I was just unsure as I hadn’t looked into it very deeply in recent times. My impression since leaving that reply has become that yes, people still do use LoRAs.

“My main issue is maintaining consistency across generations. I was wondering if anyone in the community has developed any workflows or could steer me in the right direction.”

Are you trying to generate the clips in sequence while still maintaining a consistent image? (trying to make a longer video)
What is your workflow right now? I2V or T2V.

I just started dabbling in local LLM and ComfyUI+Flux was suggested to me for image generation.. I will soon increase my VRAM to 32GB but I hope to continue to increase that as I continue with my local LLM journey, but I was wondering what your setup is that got you to this point?

Any advice?

The specs I have now.

Atm, I’m going through tutorials and mastering image generation, creating workflows, and what not. Due to my line of work, during the summer I have a lot of time off.

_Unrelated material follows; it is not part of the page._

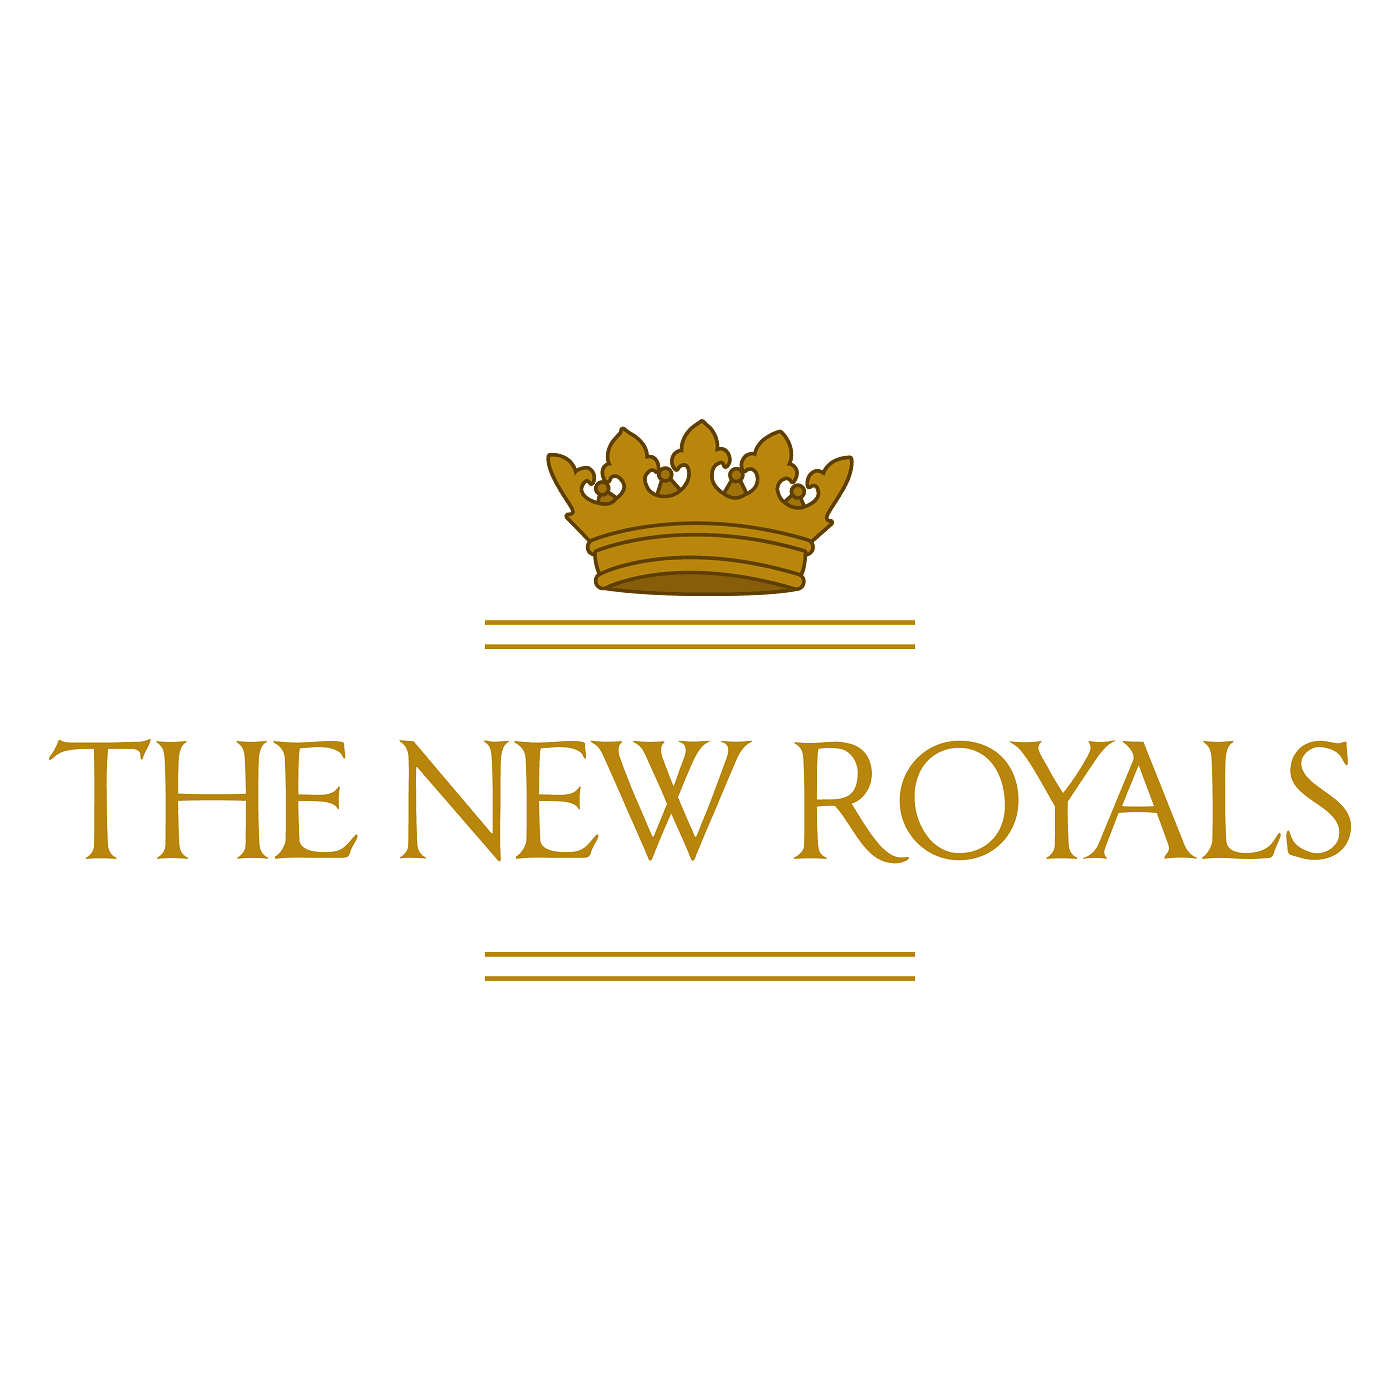 The_New_Royals 横幅

I pretty much have a beginner foundation going with image generation and this PC can output tons of images relatively quickly. I2V or Image to video is another beast I have to tackle. I’ve generated some videos awhile back when I was practicing with LORAS and video generation. I upscale the videos in post using topaz.

I’m slowing down a bit and watching tutorials to gain a grasp on how nodes work. You’ll have a lot of workflows that have all the nodes connected already, but without an understanding of how they all work its pretty pointless.

Watching this tutorial video, atm. https://www.youtube.com/watch?v=HkoRkNLWQzY

My only regret is buying an AMD GPU for this shit. It just makes everything harder, but I do have an NVIDIA based PC as my gaming rig which I offload somethings onto.

1 Like

Awesome! Thanks for the info. I’m not far off. I have a dedicated Core Ultra 9 285k, 64 GB DDR5-6000, RTX 4080 Super for my LLM right now, and I ordered a Nvidia v100 SXM2 16GB used AI card which should be here on the 6th and the heatsink will be here on the 8th and the PCIe adapter board will be here on the 5th, so I can throw that in for pooling the RAM for Ollama. Should give me 32GB to work with, right now qwen2.5-coder:14B and qwen3:30b-a3b both work decent (qwen2.5-coder:14B works very fast for what I have currently and is surprising). I have qwen3.6:35b-a3b installed but it doesn’t work as well because of 16GB VRAM limitation.

I plan on finishing the ComfyUI+Flux install tonight… I have been having issues with the workflow… my VAE Decoder to the Save Image is giving me a weird data output error that I’m still trying to nail down.

Maybe it is a VRAM limitation issue. Maybe user error and I set up my workflow incorrectly… never messed with that before so highly probable.

Seeing your outputs from 32GB of VRAM being very good gives me relief that I can get really good output from 32GB VRAM!

Any advice on workflow setup?
Do you run straight Linux?

I have Windows 11 on the system because it is dual role as my wife’s gaming pc (she doesn’t do a whole lot of gaming but occasionally will) so I use WSL2 for my LLM install.

Rig would probably work better if I just dual boot and have a dedicated Linux boot partition for AI stuff.

I will definitely start watching the tutorial video you linked!